Sekilas Info :
Sabtu, 13 Jul 2024
  • Website Resmi Kepolisian Resor Tegal Kota

Sasar Peserta Magang, Satgas Binluh Sosialisasikan Pencegahan Paham Radikalisme

Diterbitkan : - Kategori : Berita

Polres Tegal Kota, Polda Jawa Tengah – Panit Binmas Polsek Tegal Timur Aipda Aziz Fahrudin, SH menggelar sosialisasi kepada peserta siswa magang bahasa Jepang.

Aipda Aziz yang tergabung dalam Satgas Binluh Operasi Bina Waspada Candi 2023, menyampaikan materi tentang peningkatan karakter dalam rangka penanggulangan Bullying, Intoleransi dan Radikalisme, Selasa (30/5/2023) di GOR Wisanggeni Kota Tegal.

Kepada para peserta magang, Satgas Binluh menekankan, peran siswa dalam pencegahan penyebaran paham-paham radikalisme. Karena anak-anak usia sekolah sangat rawan tersusupi paham-paham intoleran atau radikalisme.

Sementara itu, pada kesempatan terpisah Kasihumas Ipda Joko Waluyo mengatakan, kegiatan ini kita gencarkan dalam rangka menanamkan rasa nasionalisme kepada anak-anak muda. Antusias para peserta magang bahasa jepang juga sangat bagus.

“Saat sosialisasi, pertanyaan dari para peserta juga menarik.
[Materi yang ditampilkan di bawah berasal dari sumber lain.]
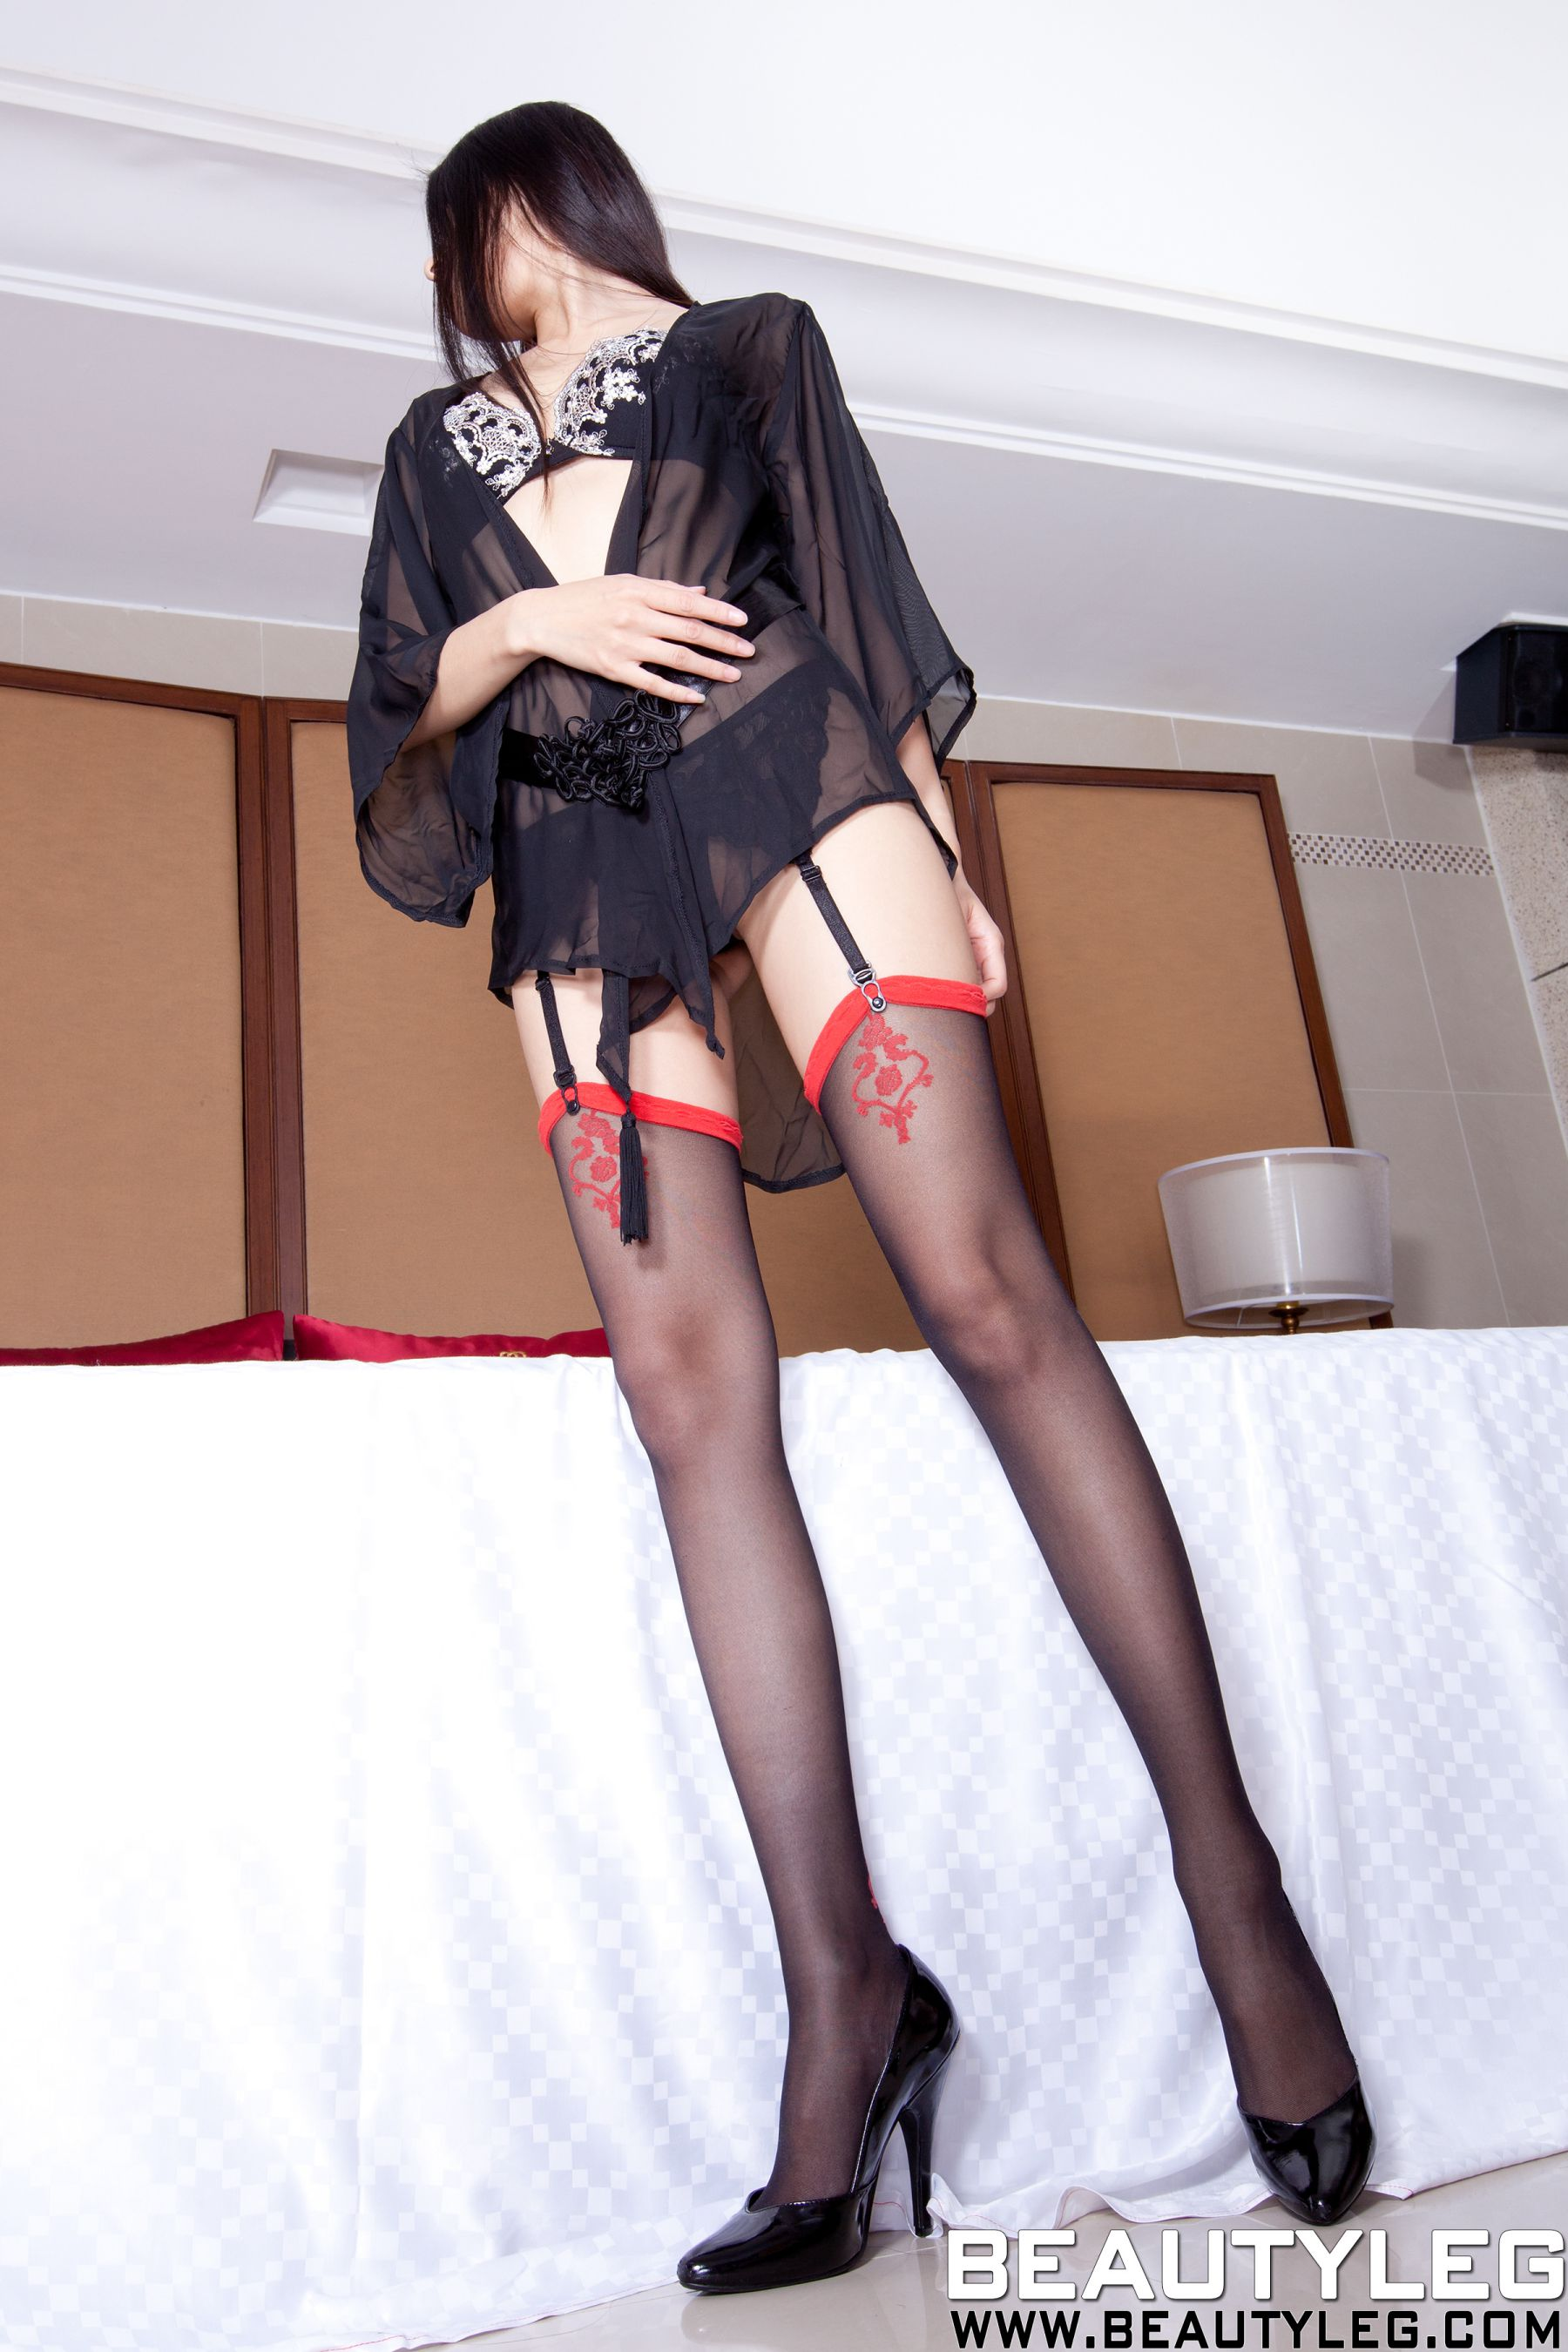 VOL.1677 [Beautyleg]美腿黑丝高跟透视美女吊带丝袜:腿模Linda高品质写真套图(57P)

Bagaimana mencegah radikalisme, bagaimana agar kita tidak tertular, bagaimana membentengi diri,” ujar Kasihumas.

Menurutnya, tindakan pencegahan penyebaran paham radikalisme bagi siswa sekolah ataupun peserta magang itu sangat tepat. Baik dengan cara memberikan materi pembelajaran, maupun dengan praktik langsung tentang toleransi.

Perlu kita ketahui, saat ini jajaran Kepolisian sedang menggelar Operasi Bina Waspada. Yang bertujuan untuk melakukan kegiatan penyuluhan terkait pencegahan penyebaran paham radikalisme.
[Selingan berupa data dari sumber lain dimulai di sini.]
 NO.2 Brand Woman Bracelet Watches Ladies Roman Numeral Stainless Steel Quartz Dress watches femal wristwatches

“Semoga giat sosialisasi ini dapat menjadi proses pembelajaran. Untuk membuat karakter mereka menjadi lebih baik,” harap Kasihumas.
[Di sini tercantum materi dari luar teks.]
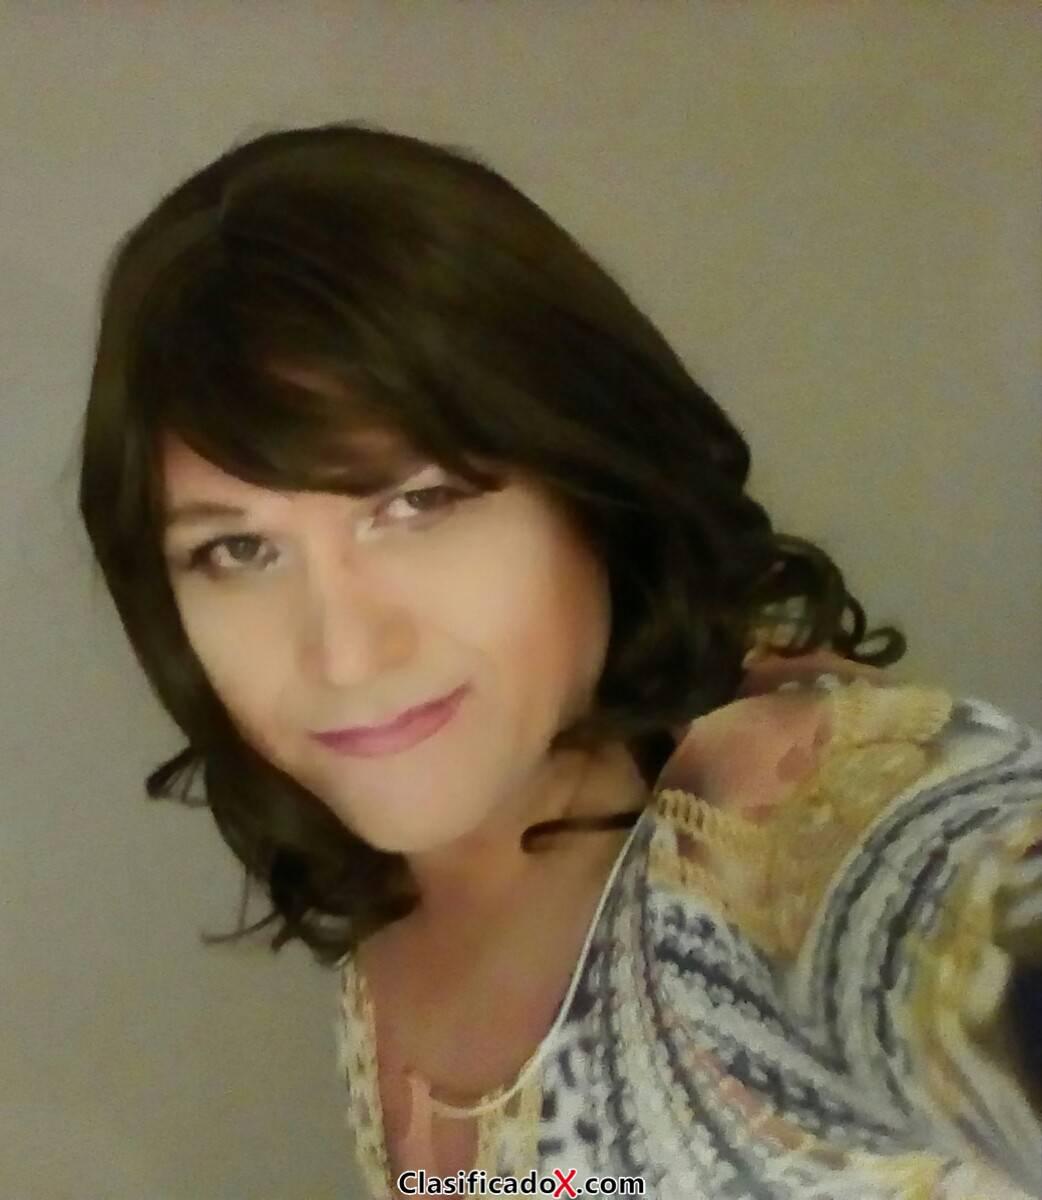 Transexual Shemale complaciente para atenderte como REY

Selain menyampaikan pencegahan paham radikalisme, Satgas Binluh juga menyampaikan pentingnya menghilangkan kasus bullying. Yang kerap terjadi pada lingkungan sekolah atau lembaga pendidikan.

Satgas Binluh menegaskan, peserta magang harus belajar lebih mendalam lagi. Tentang rasa saling mengasihi dan saling menghormati antar satu peserta dengan lainnya.

“Harapannya, lembaga pendidikan dapat menjadi tempat menempuh pendidikan. Juga sekaligus menjadi tempat bernaung para peserta didik dengan menciptakan lingkungan yang menyenangkan,” pungkas Kasihumas.